> INPUT DATA
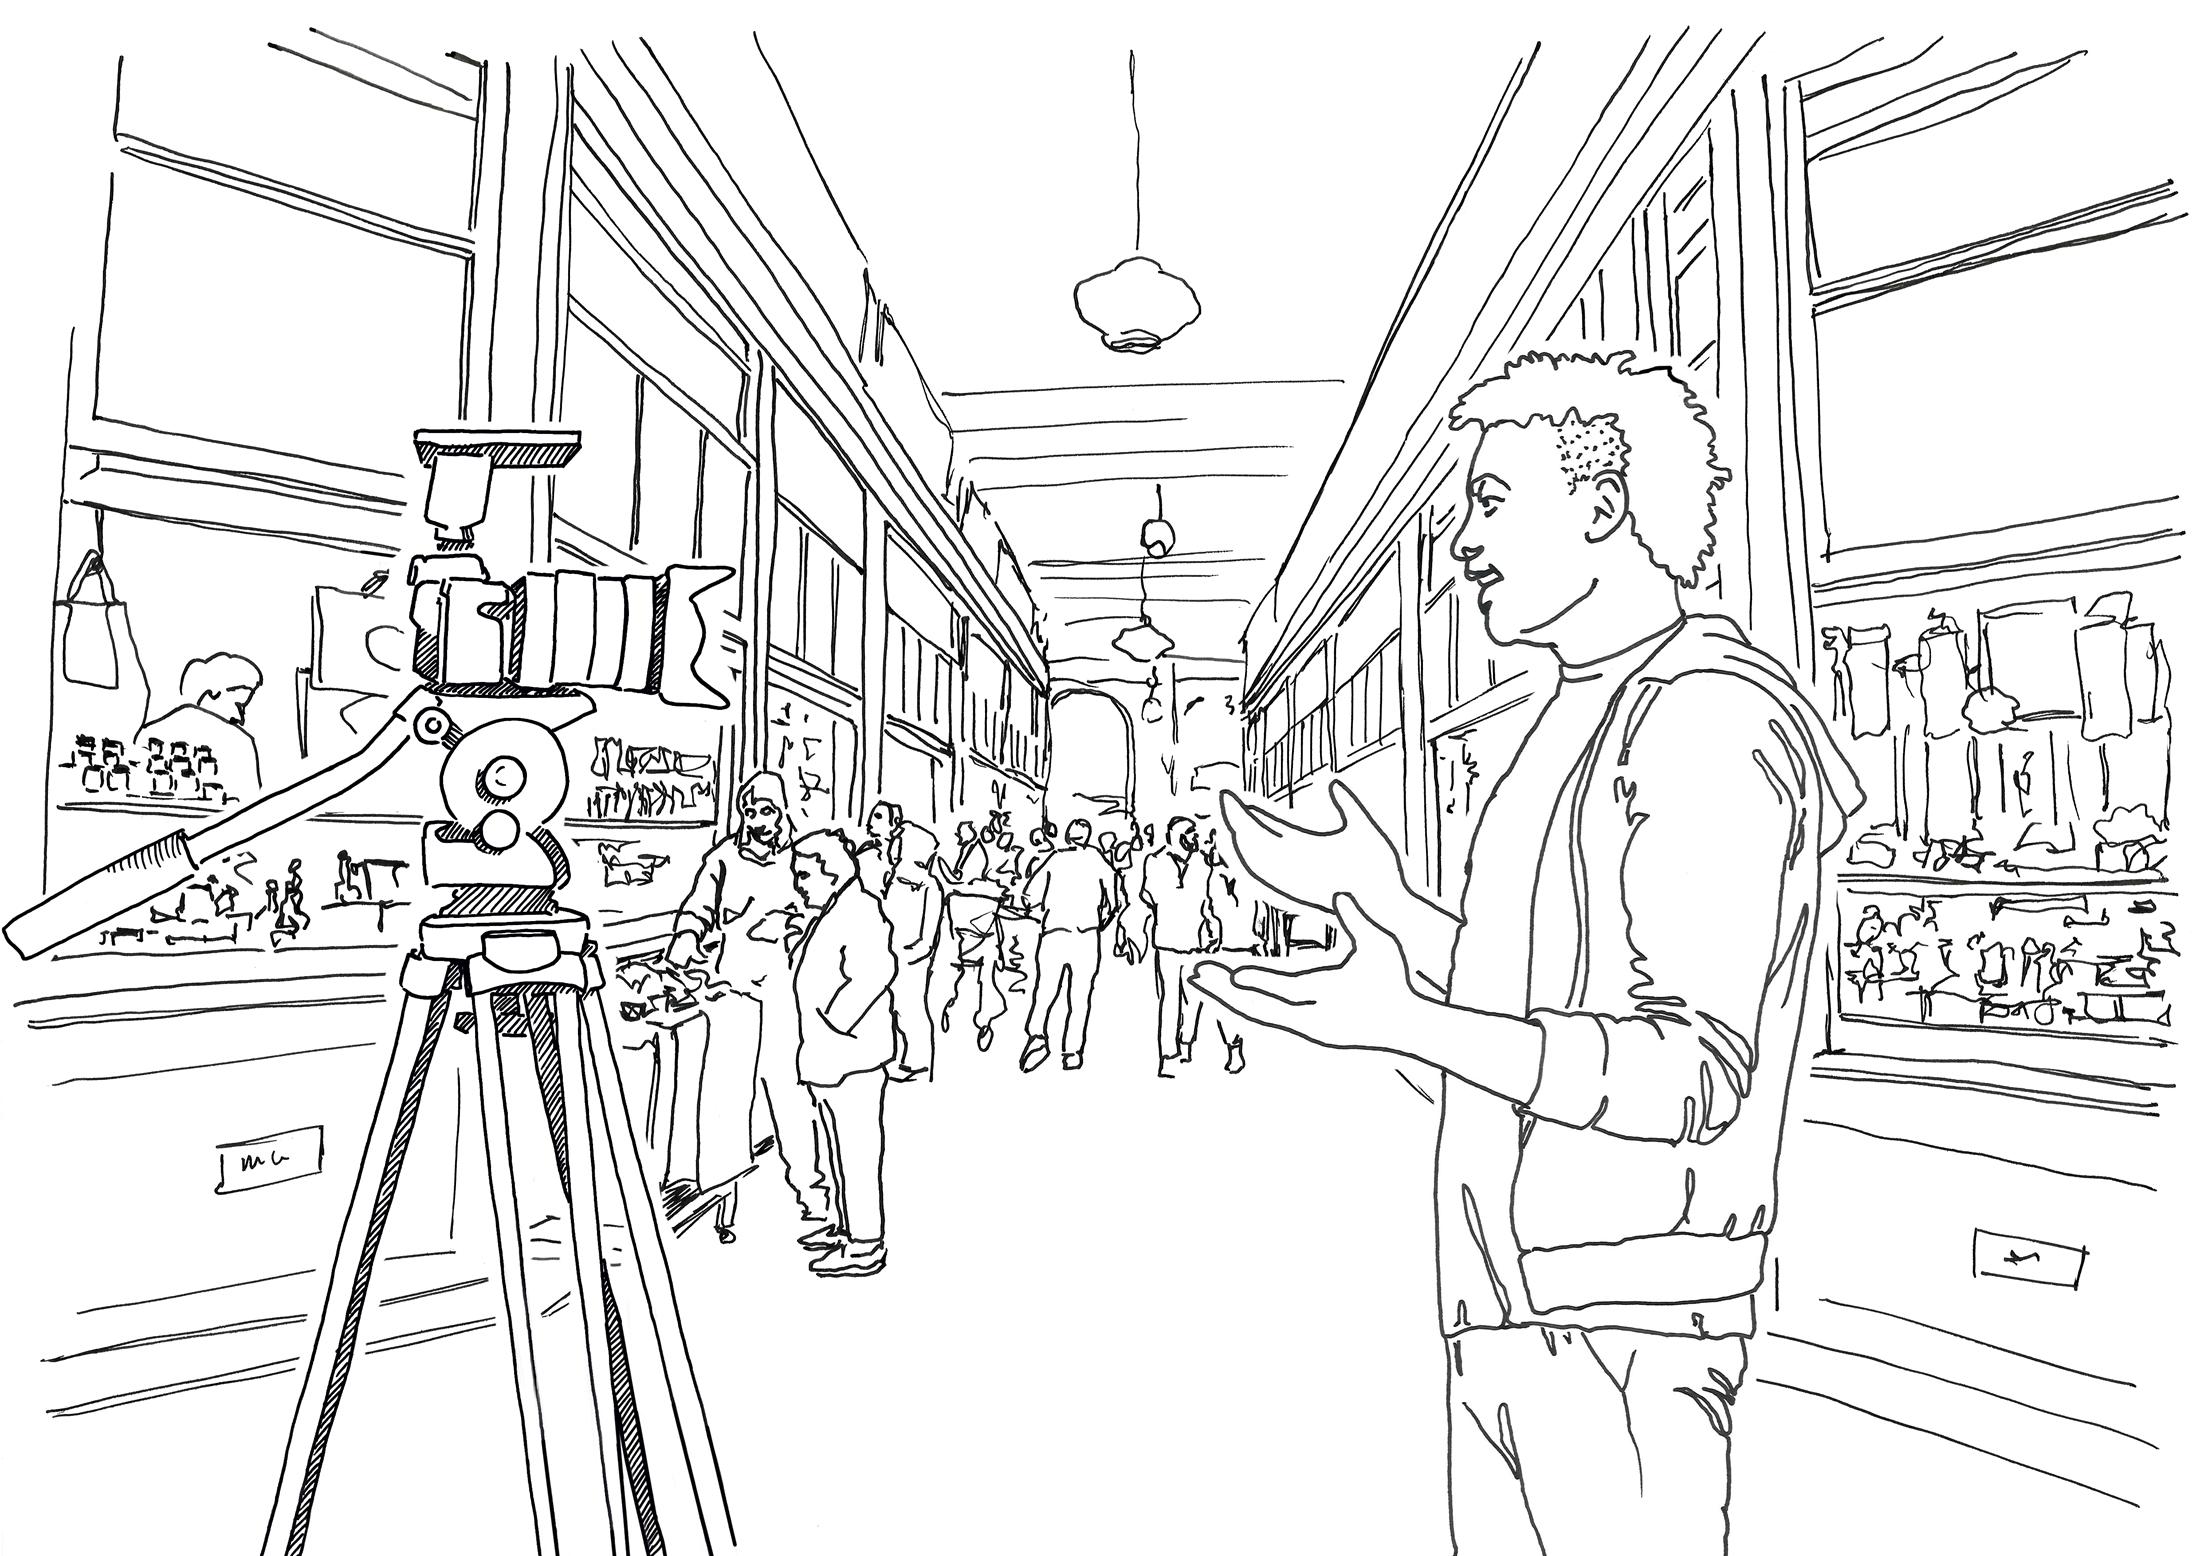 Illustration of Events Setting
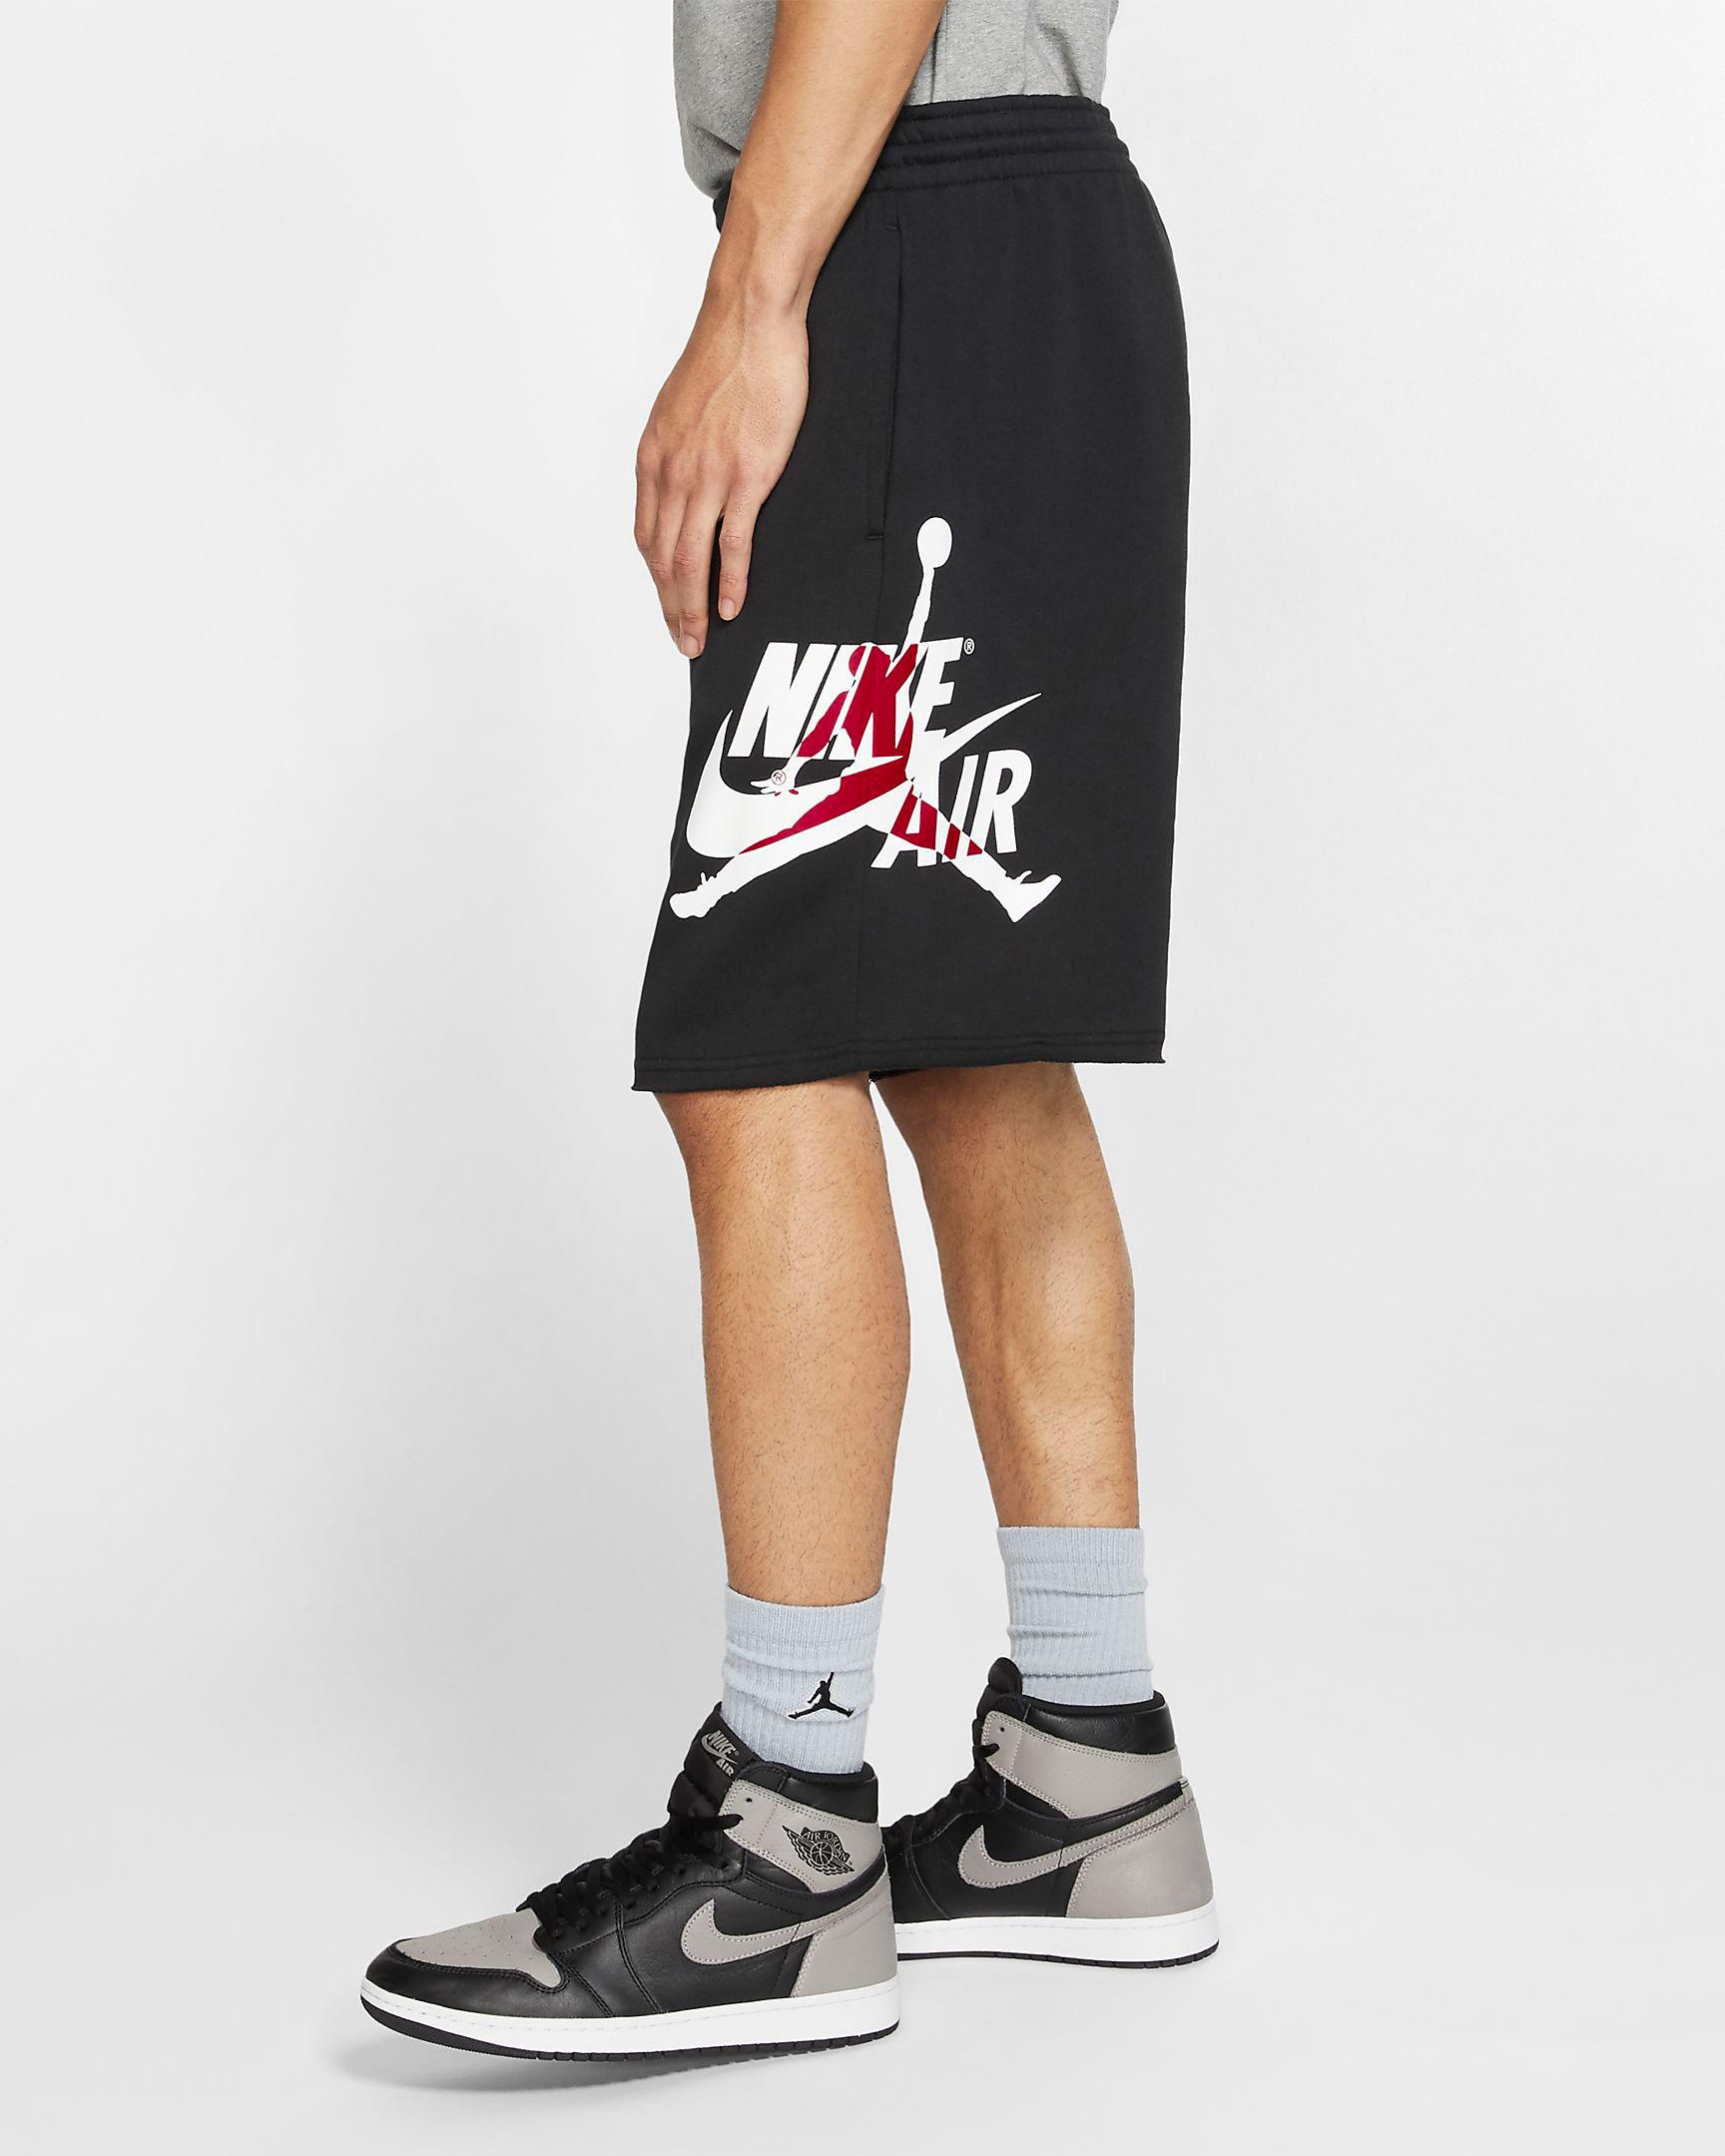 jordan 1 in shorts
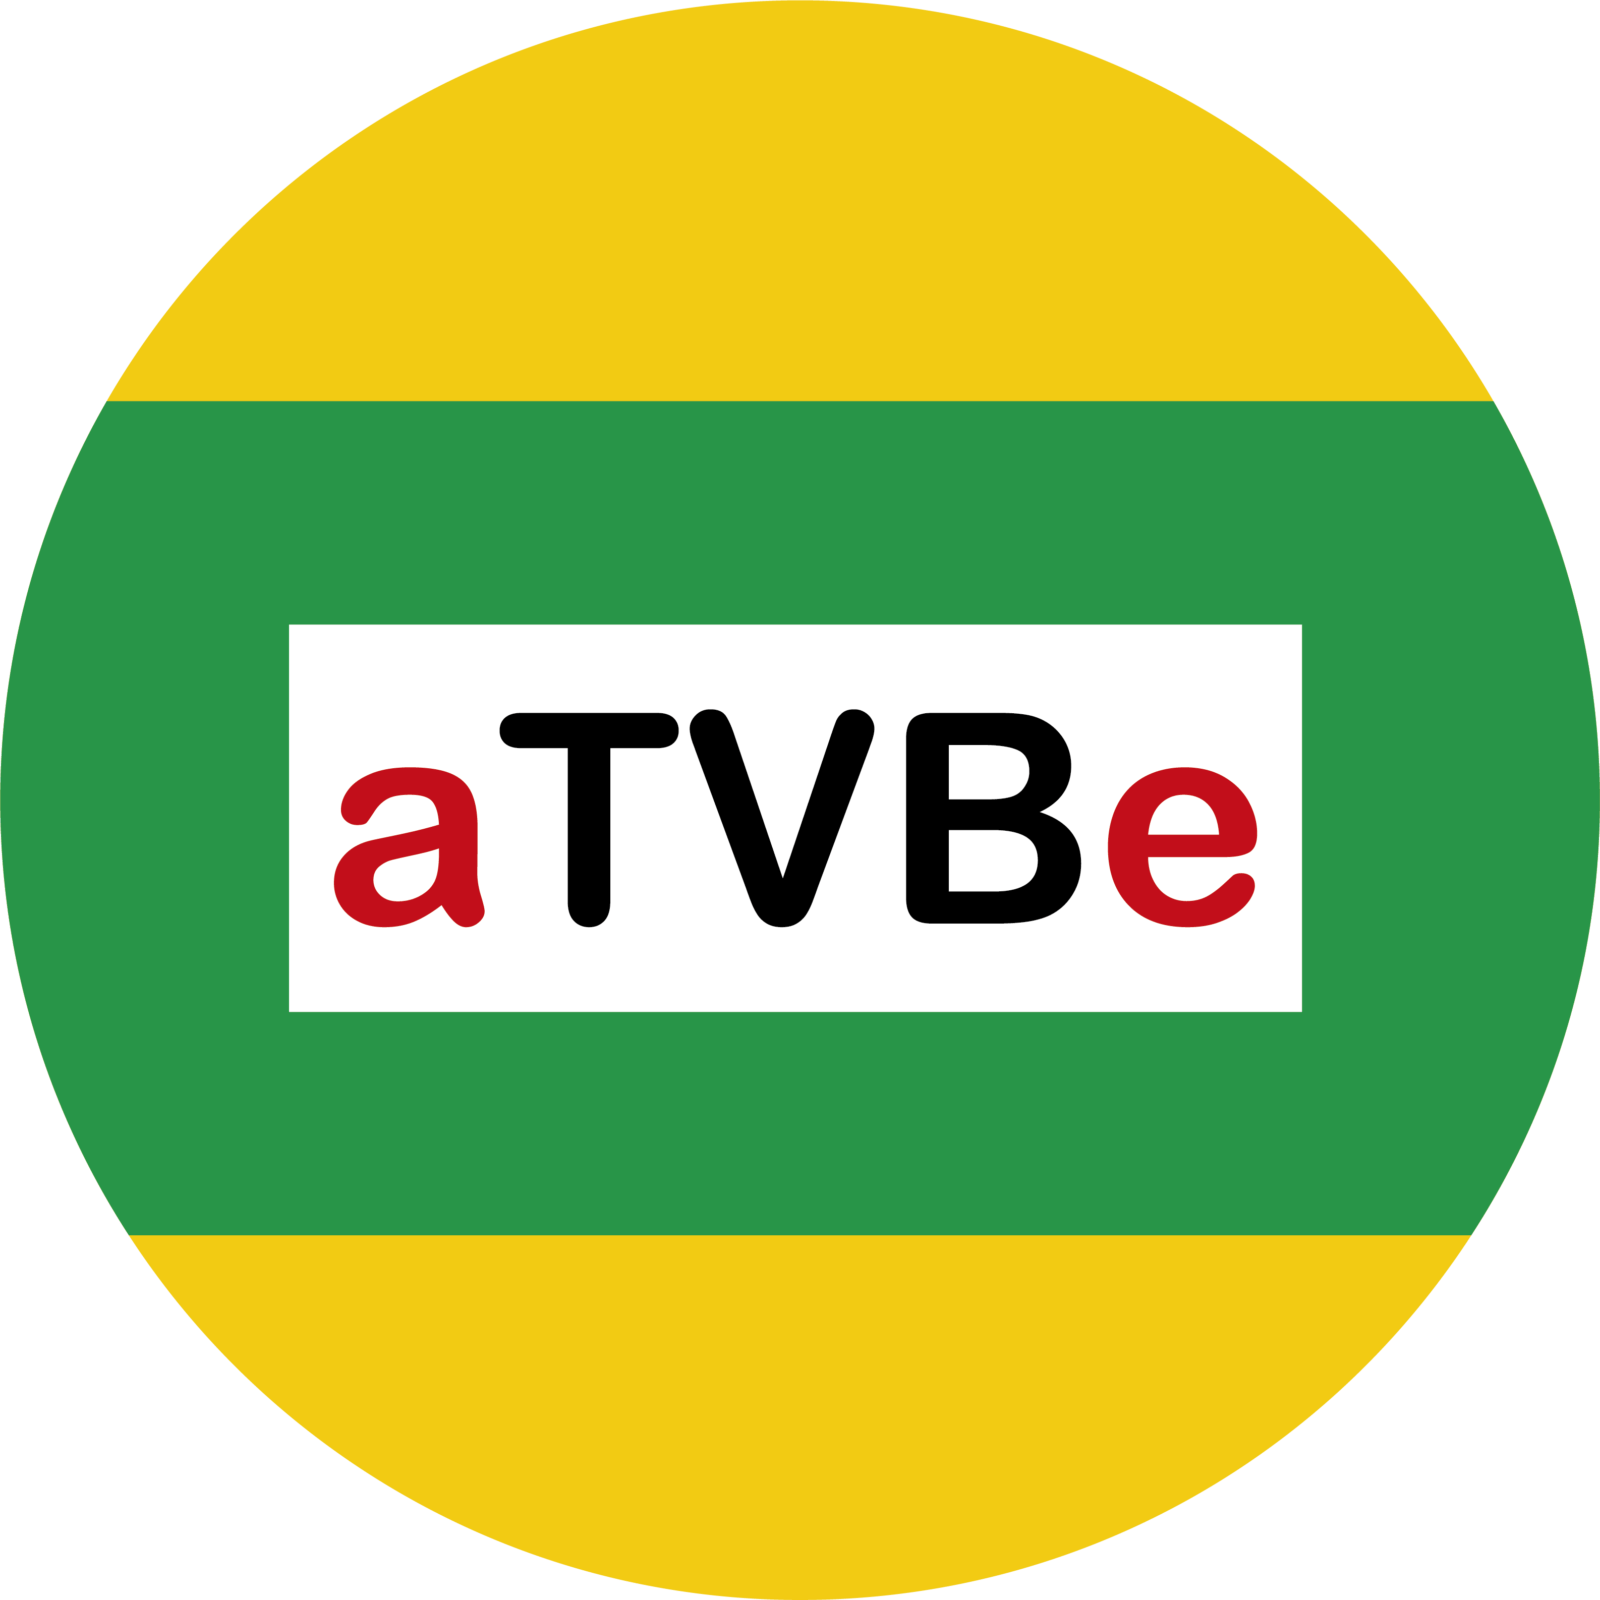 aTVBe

> EXERCISE REQUIREMENTS
Leave the pictures out and output the rest of the listing exactly.

> EXPECTED ANSWER
 Illustration of Events Setting
 jordan 1 in shorts
 aTVBe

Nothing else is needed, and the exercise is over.